Поэт Борис Слуцкий был в равной мере традиционалистом и новатором. В его стихах — обилие державинских и пушкинских реминисценций, причудливо смонтированных с общим новоязом и персональными неологизмами. Известно, что ближайший друг Слуцкого по Харькову, давший ему в юности поэтический толчок, — Михаил Кульчицкий[23], который вскоре погибнет на войне, любил в раннюю пору в качестве упражнения переписывать баллады Жуковского языком и ритмом Маяковского. Если воспринять это как метафору нелицеприятной творческой преемственности, то нечто подобное сделал в дальнейшем и Слуцкий. Он «переписал» русскую поэтическую классику на языке выпавшего ему времени (пропустив свой уникальный опыт и сквозь промежуточные реторты Хлебникова и прочих футуристов). Так возник обогащенный рядом стилистических превращений новый — уникальный и независимый — мир.
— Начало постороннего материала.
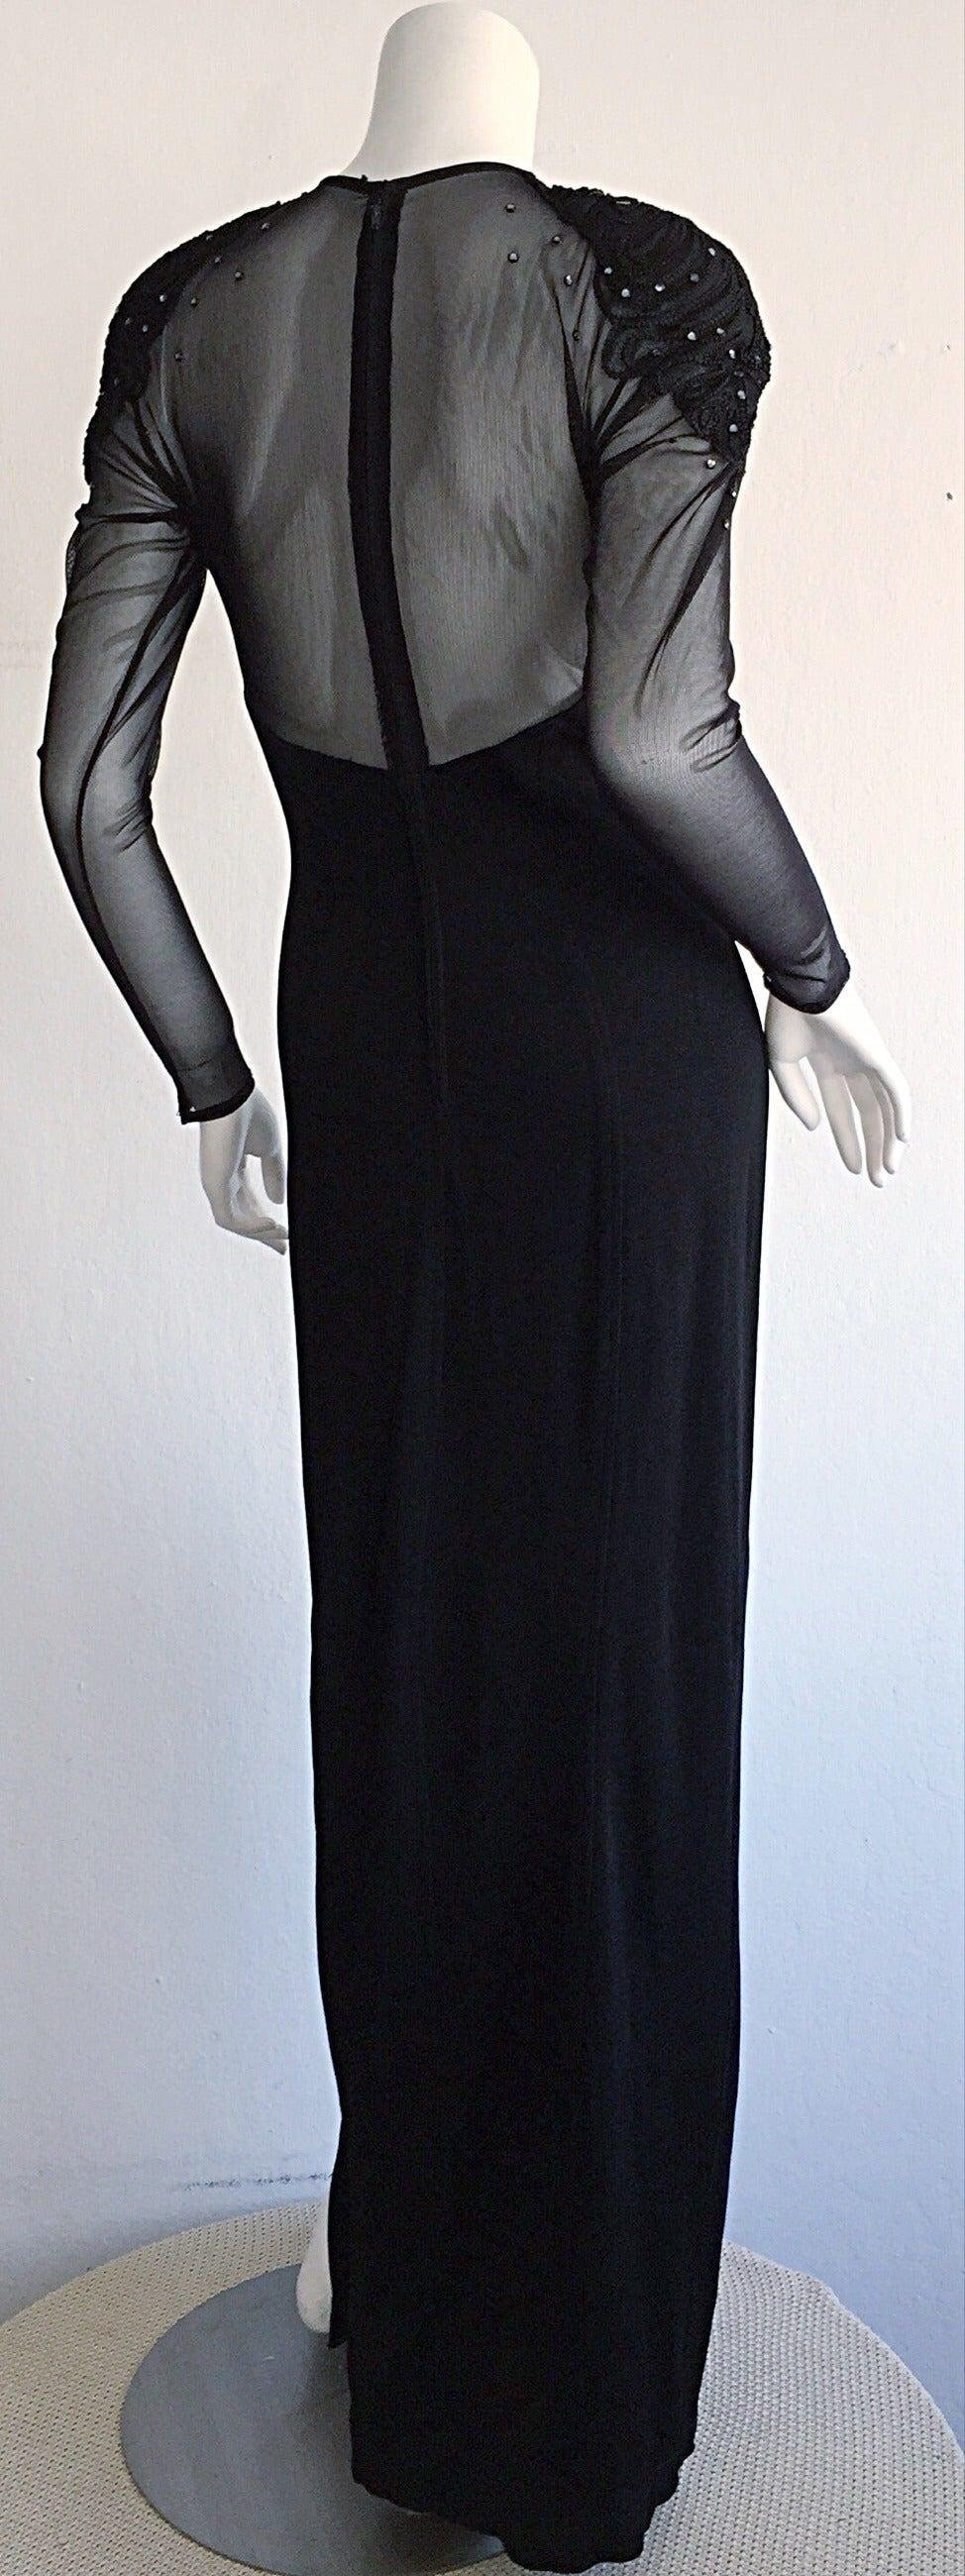 Sexy Vintage 1990s Black Cut - Out Bodycon Dress w/ Rhinestones 4

Поэзия Слуцкого была сильнейшим образом политизирована. Я, повторюсь, понимаю это так. В стране, где журналистика, и социология, и историческая наука многие десятилетия были мнимостями, состоящими из умолчаний и лжи, нашелся милостью Божьей поэт, который, жертвуя лирическим пространством, взял на себя груз, обычно лирикой презираемый. Слуцкий вообще был склонен бросаться на помощь к униженным, и отвергнутым, и сосланным в нети (отсюда его столь настойчивое внимание к старикам и старухам как маргиналам советского «гуманизма»). Вот он и кинулся к ушедшим в тень фактам, обстоятельствам и событиям. Советская реальность в ее уродливых подробностях псевдопоэзией искажалась и лакировалась, а поэзией подлинной — по преимуществу брезгливо игнорировалась. Кажется, Слуцкий единственный в своем поколении углубился в кровавую грязь с вниманием (а подчас — и с сочувствием) ответственного участника и регистратора. И уже в этом — его бессмертная, диковинная, асимметричная неповторимость.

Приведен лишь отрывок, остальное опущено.